S.E.B. held research funding through an MRC RCUK/UKRI Innovation Fellowship (MR/R016895/1) and the North West MRC Scheme in Clinical Pharmacology (MR/N025989/1). A.H. is supported by the National Institute for Health Research (NIHR) Health Protection Research Unit (HPRU) in Healthcare Associated Infections and Antimicrobial Resistance at Imperial College London in partnership with the UK Health Security Agency (previously Public Health England [PHE]), in collaboration with Imperial Healthcare Partners, University of Cambridge, and University of Warwick. W.H. holds awards from the Medical Research Council, National Institute of Health Research, FDA, and the European Commission.

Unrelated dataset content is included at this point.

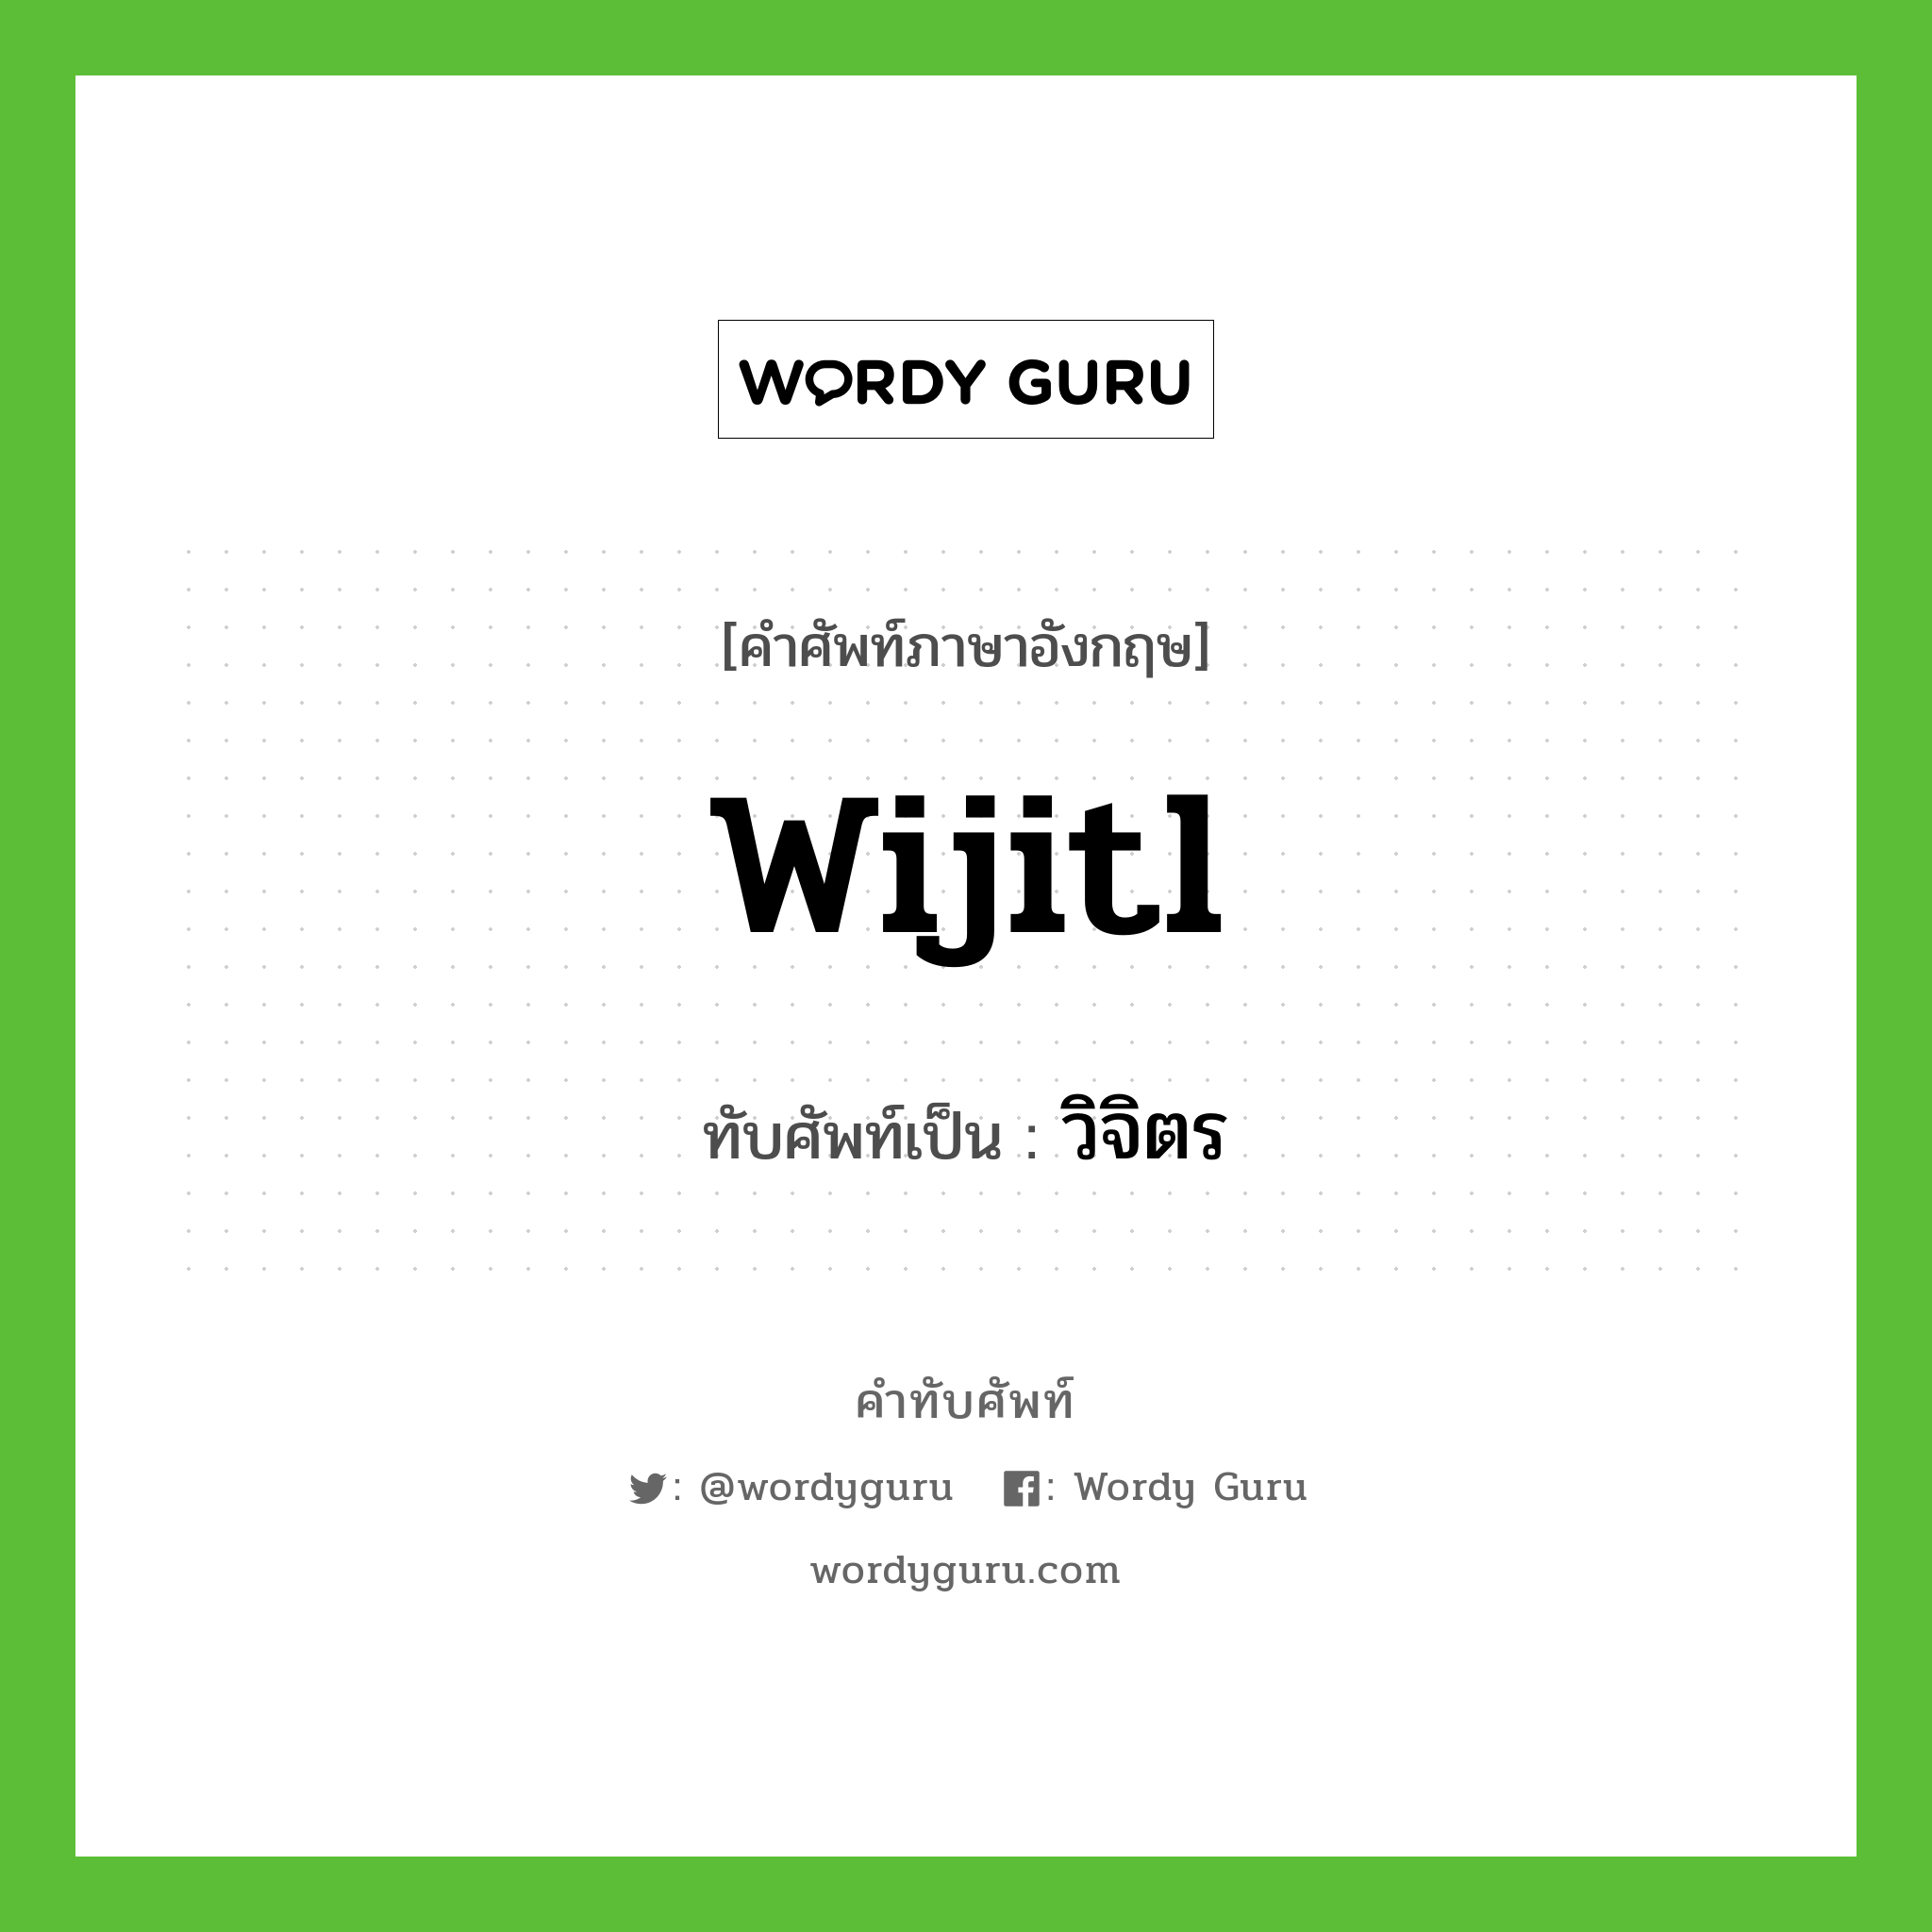 wijitl เขียนเป็นคำไทยว่าอะไร?, คำศัพท์ภาษาอังกฤษ wijitl ทับศัพท์เป็น วิจิตร

S.E.B. received research support from Roche Pharma. S.E.B. has consulted for/received speaker fees from Sumitovant and Shionogi. A.H. cosupervises a Ph.D. program partly funded by Shionogi in an industrial partnership doctoral training program and has received consultation fees from bioMérieux. R.P. is an employee of F. Hoffmann La Roche and holds stock and options amounting to <10% of total portfolio value. He is also a consultant to InsightRX. D.M.L. serves on advisory boards or provides ad hoc consultancy to Accelerate, Antabio, Centauri, GenPax, Meiji, Menarini, Mutabilis, Nordic, Paion, ParaGraf, ParaPharm, Pfizer, QPEX, Shionogi, Sumitovant, Summit, T.A.Z., Venatorx, Wockhardt, and Zambon. He has delivered lectures paid for by bioMérieux, GSK, Hikma, Merck/MSD, Menarini, Nordic, Pfizer, and Shionogi. He has relevant shareholdings with Dechra, GSK, Merck, and PerkinElmer amounting to <10% of portfolio value. He has share options with T.A.Z. and GenPax. He also has nominated holdings in Arecor, Avacta, Diaceutics, Creo Medical, Destiny Pharma Evgen, Genedrive, Poolbeg, Renalytix AI, and Trellus (all with research/products pertinent to medicines or diagnostics) through Enterprise Investment Schemes but has no authority to trade these shares directly. W.H. holds or has recently held research grants with F2G, Astellas Pharma, Spero Therapeutics, Antabio, Allecra, Bugworks, and NAEJA-RGM. W.H. has received personal fees in his capacity as a consultant for F2G, Amplyx, Auspherix, Spero Therapeutics, VenatoRx, Pfizer, and BLC/TAZ.

Footnotes

[This article was published on 20 July 2022 with errors in the article text. The text was corrected in the current version, posted on 26 July 2022.]